I Dream of Onederland

onederlandI love that our generation preaches body positivity. I mean that from the bottom of my heart. I love walking around campus and seeing women (and men) of every size wearing what they want. These people radiate confidence, understanding, and acceptance and I am here for it. But these outfits that are super cute and scream, “Here I am, and I love my body,” are simply not for me. I am not that person. I am not the one who has always loved her body and to be honest, I may never love it the way it deserves. This is both saddening and shocking, even as I type this out.

Unfortunately, I am still plagued by the late ’90s and early 2000s trend of flawless skin, flat stomach, and the 24-34-46 body shape Petey Pablo sang about. None of those things were in the cards for me. As a 5’1″ woman who weighed 102 lbs. at 8 years old, I was in for the battle of my life. Literally. Fast forward to 2018, I had just given birth to my first child, my son Mark. He weighed 1 lb. 7 oz. at birth. I weighed 276 lbs. and had a long road ahead of me.


Onederland. I first heard the term on the show The Biggest Loser, which was a staple in our household. I found the show both inspiring and motivating. As someone who always struggled with weight loss, I resonated with these contestants, even though our numbers on the scale looked a little different. Onderland is what a contestant or trainer would say when someone worked their way to lose weight and make it under 200 lbs. Reaching 199 lbs. or less was Onederland, and for me, that was true.

Even though my weight has always been a struggle for me, pregnancy definitely highlighted every single flaw I already struggled with. Pregnancy changed my body in the worst ways. I didn’t experience the glow, the lovely locks, the plump bump. None of it. Even after pregnancy, I was left with fluid, high blood pressure, and a deep fear of mirrors.

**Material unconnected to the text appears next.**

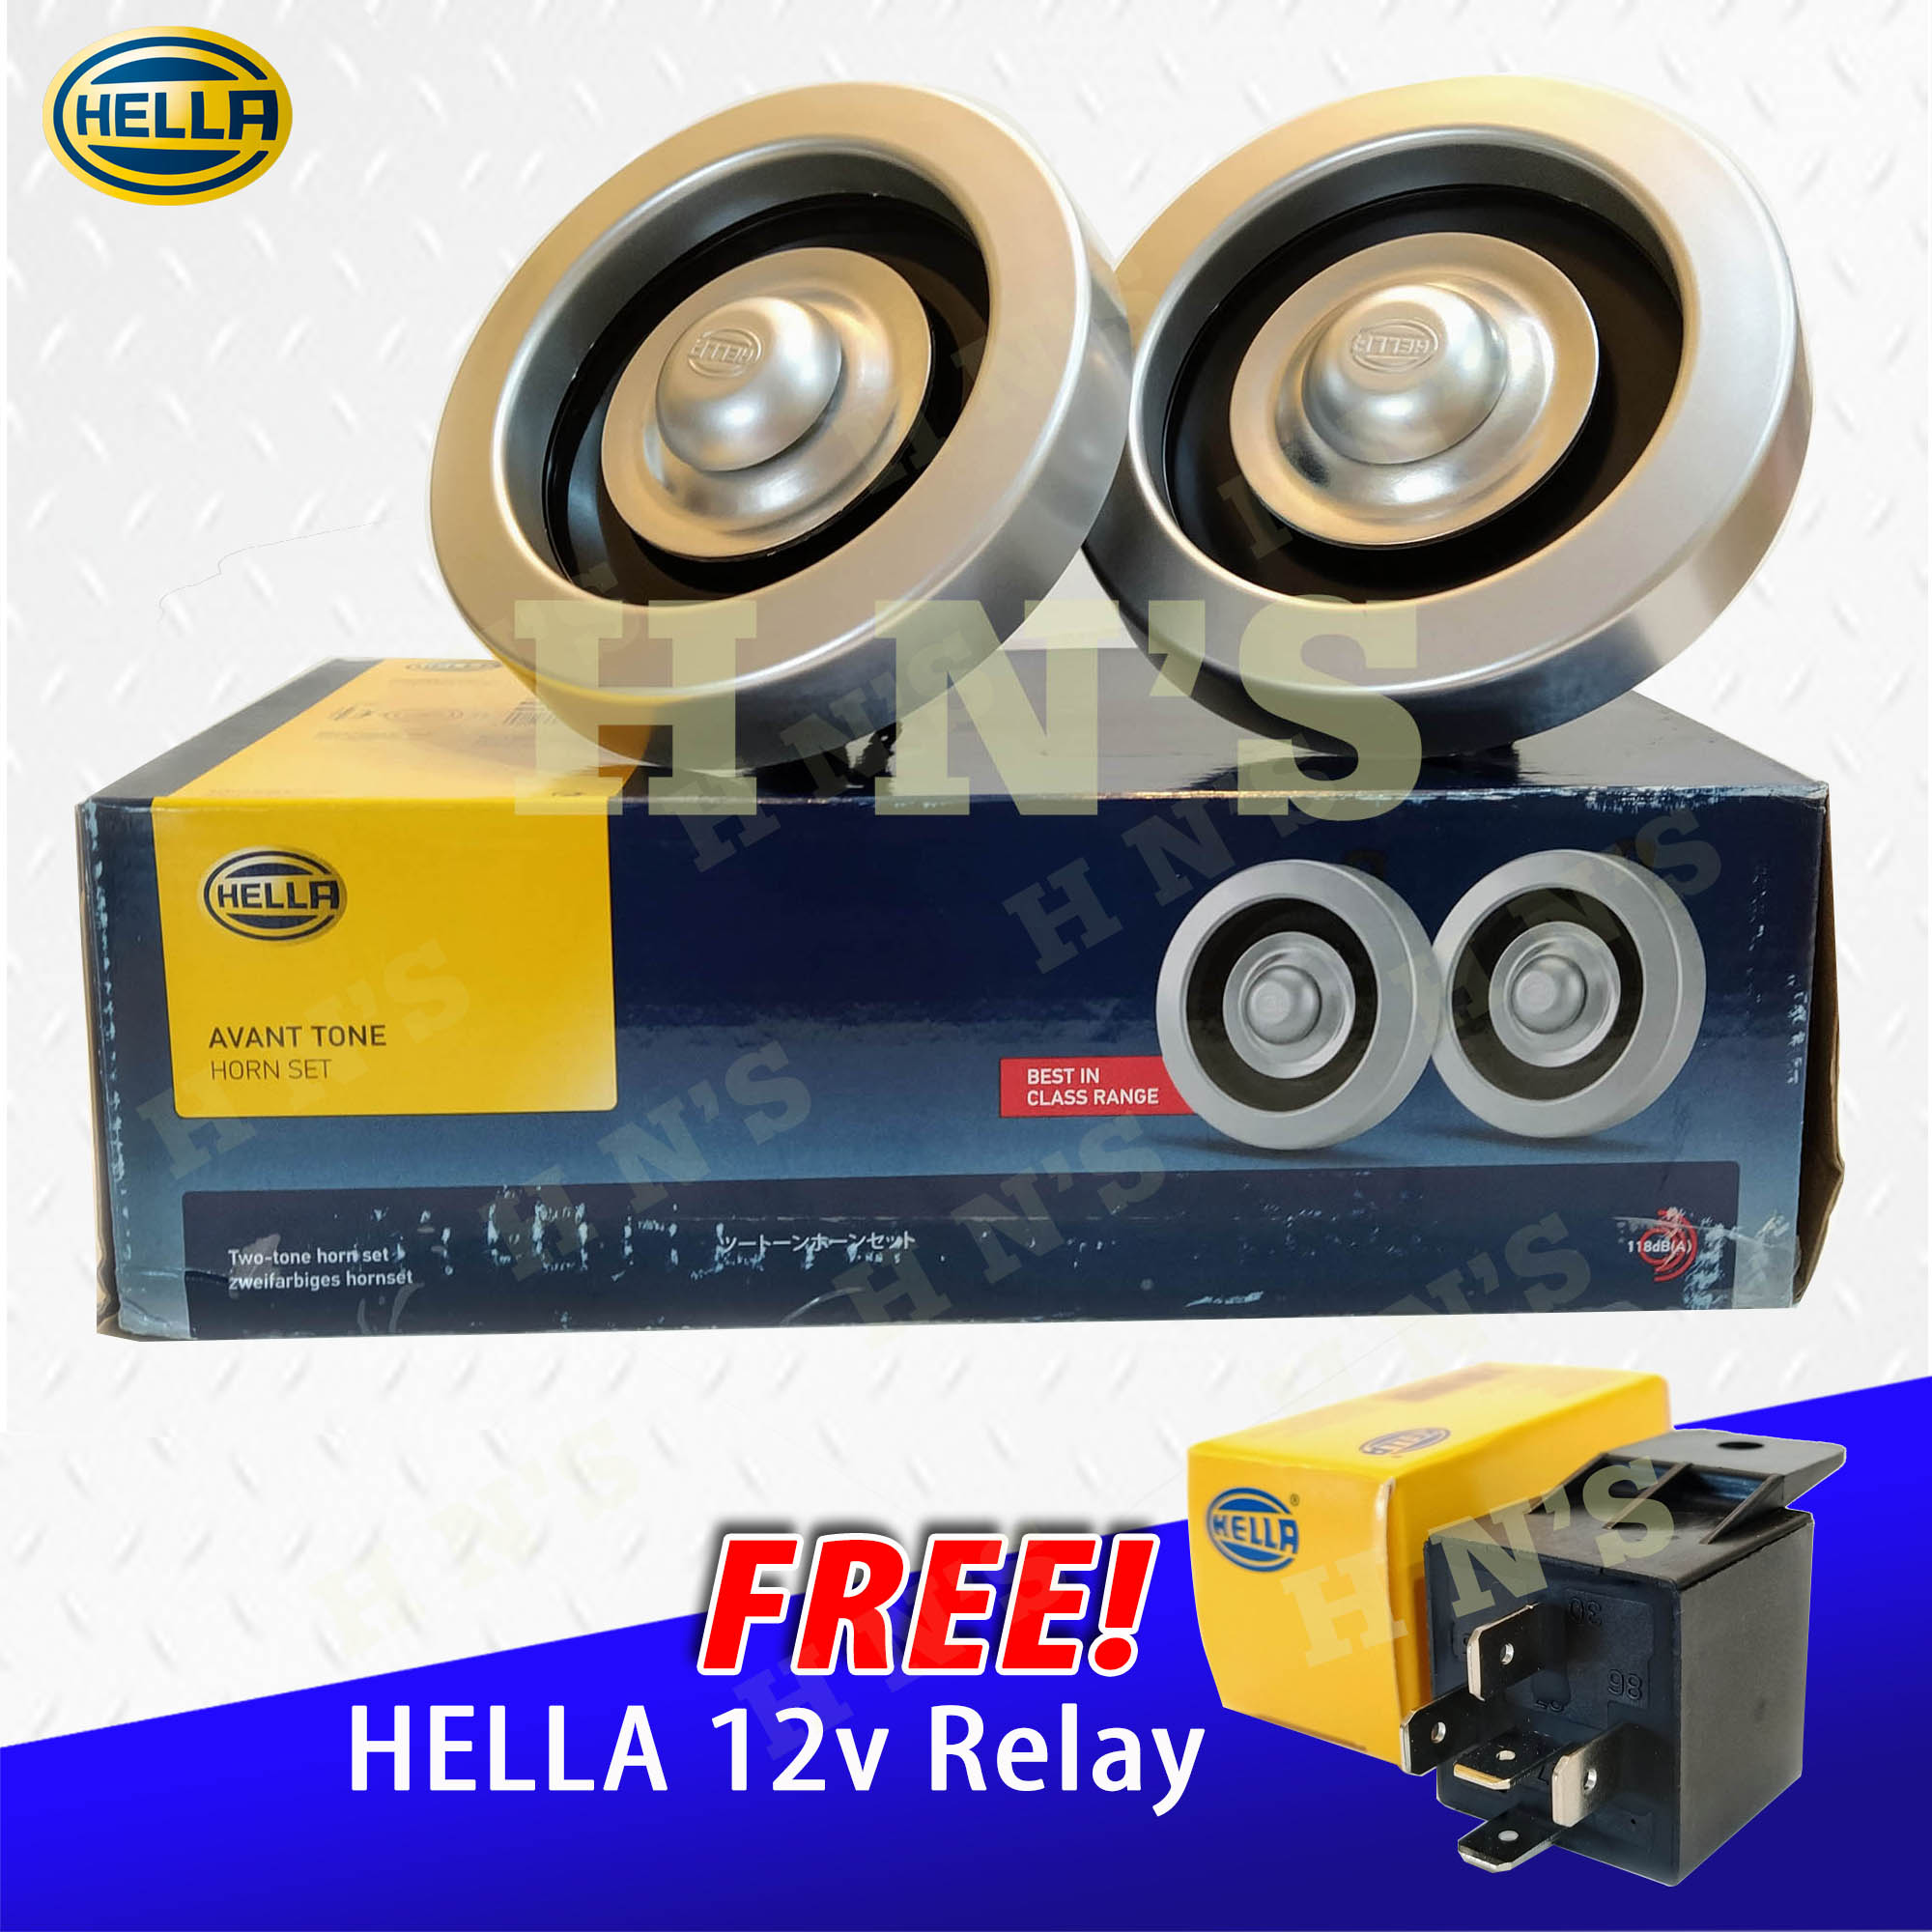 HELLA Avant Tone Horn Set ( Suitable for Cars / SUV / Motorcycles
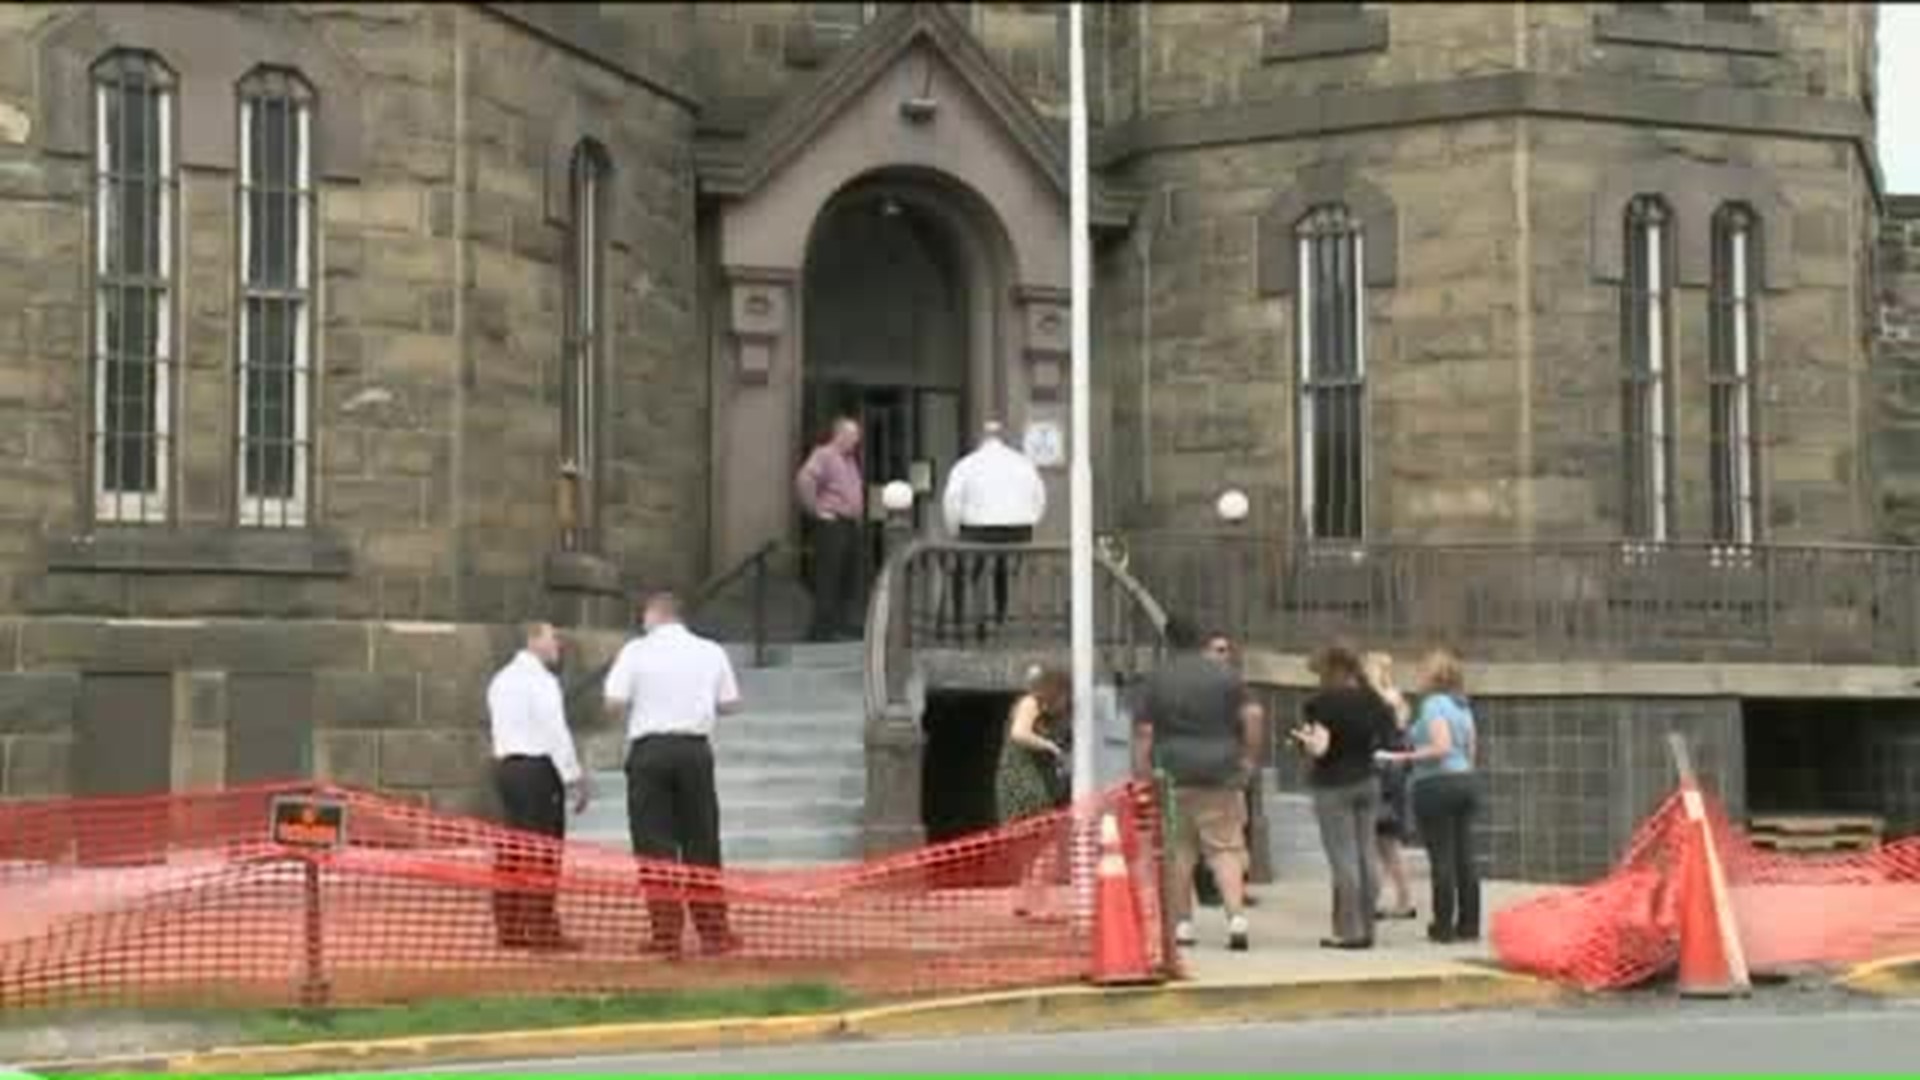 Northumberland County Prison Fire: One Year Later

As a mother, it is my responsibility to set a good example for my son. Confidence and body positivity are equally as important for boys as it is for girls. In 2023, I am turning 30 years old. I am actually pretty terrified of it. I spent 2022 taking charge of my health, and I realized there is a lot of work that needs to be done. From mental health to weight management, I am on a path to hopefully be the best example for my son.

For some personal and critical health reasons, I may never be able to maintain a life in Onederland. Life is all about learning, adapting, loving, and accepting. I’ve learned what my body can do — from its ability to carry a child (to 27 weeks) to the way it recovers from injury and illness. I’ve had to adapt to life by not always being the smallest person in the room. I’ve almost got posing for photos down. I’ve had to accept life as I navigate with a new diagnosis and a new postpartum body. But most of all, I’m learning to love myself — and to be a person my son can look up to.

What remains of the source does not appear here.